Purely out of curiosity, we observed that single row access was slower by many orders of magnitude when accessing an hbase table via the hive SQL interface.
We have a simple three column HBase table with integers between one and one million for the key. We wrote two classes:
hive that got a connection for each of ten threads
reused the same connection per thread (each had its own connection) to get random key values
average range between 200 and 500 milliseconds
hive that created an instance of HTable
using ten threads, get() calls for random keys between one and one million
average range between one and five milliseconds
As I said, out of curiosity, is the hive overhead that much more for a single row? We used the :key token when mapping hive to hbase, so I assumed it would use that. However, an explain on a query shows it does not.

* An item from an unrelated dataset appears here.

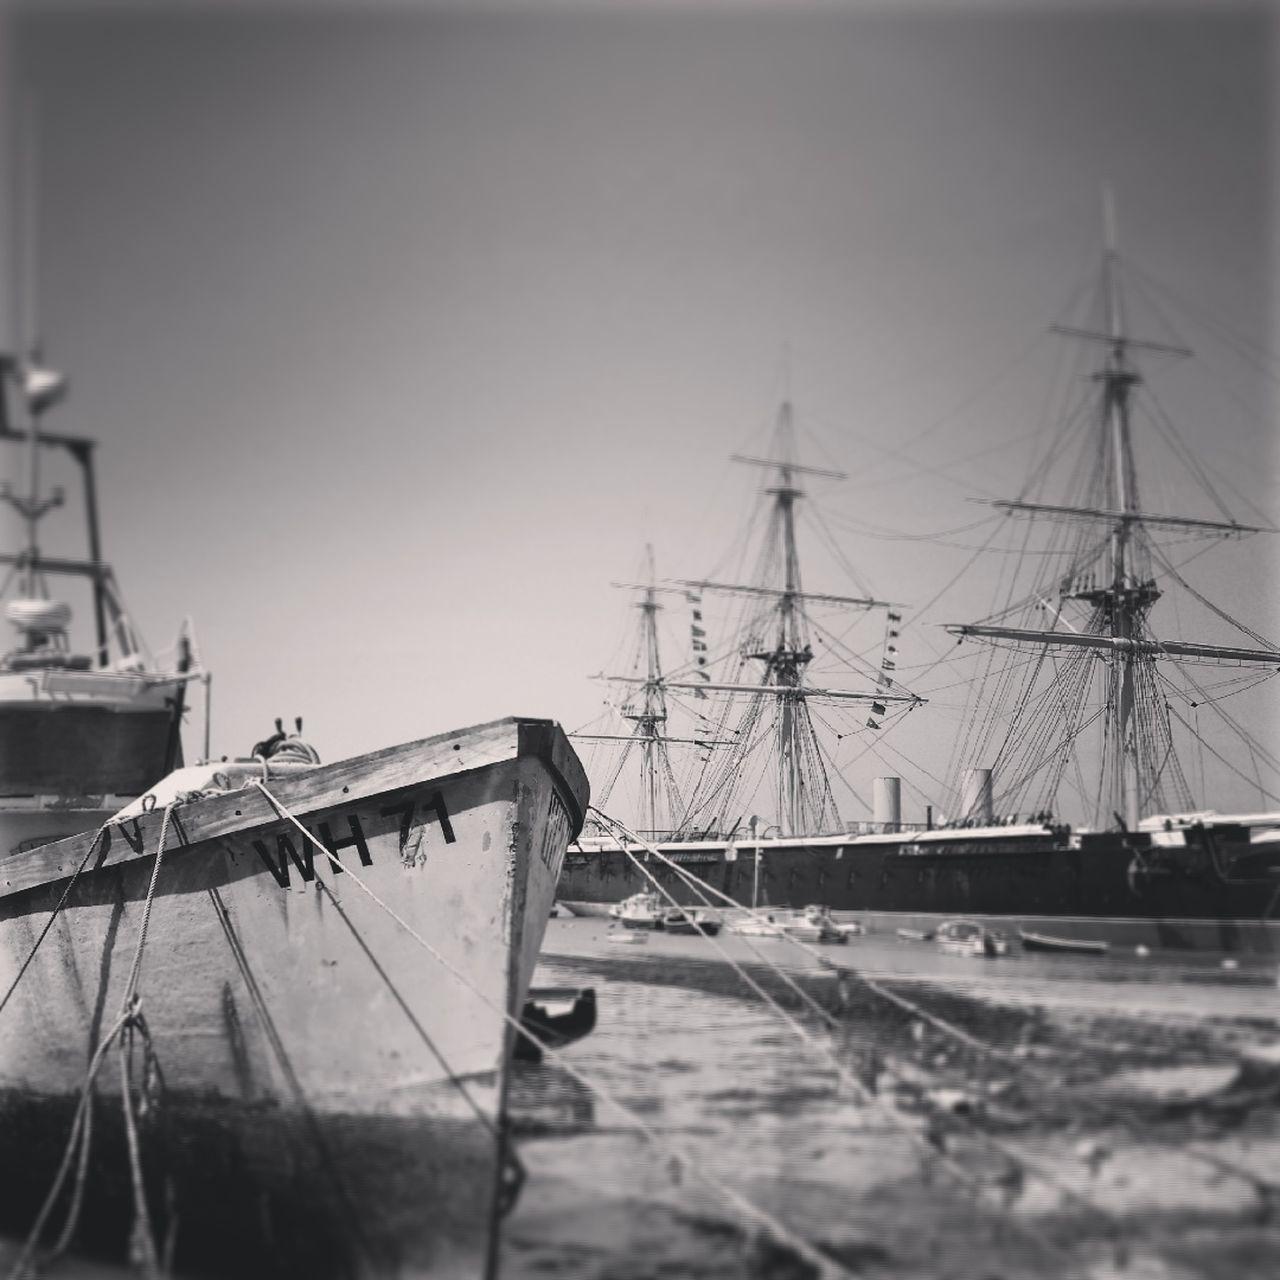 Close-Up Of Nautical Vessel

0: jdbc:hive2://localhost:10000> explain select * from foo where rowkey = 1; +--------------------------------------------------------------------------------------------------+--+ | Explain | +--------------------------------------------------------------------------------------------------+--+ | STAGE DEPENDENCIES: | | Stage-0 is a root stage | | | | STAGE PLANS: | | Stage: Stage-0 | | Fetch Operator | | limit: -1 | | Processor Tree: | | TableScan | | alias: foo | | filterExpr: (rowkey = 1) (type: boolean) | | Statistics: Num rows: 1000001 Data size: 0 Basic stats: PARTIAL Column stats: NONE | | Filter Operator | | predicate: (rowkey = 1) (type: boolean) | | Statistics: Num rows: 500000 Data size: 0 Basic stats: PARTIAL Column stats: NONE | | Select Operator | Is the hive serde not "smart" enough to know it is key based access?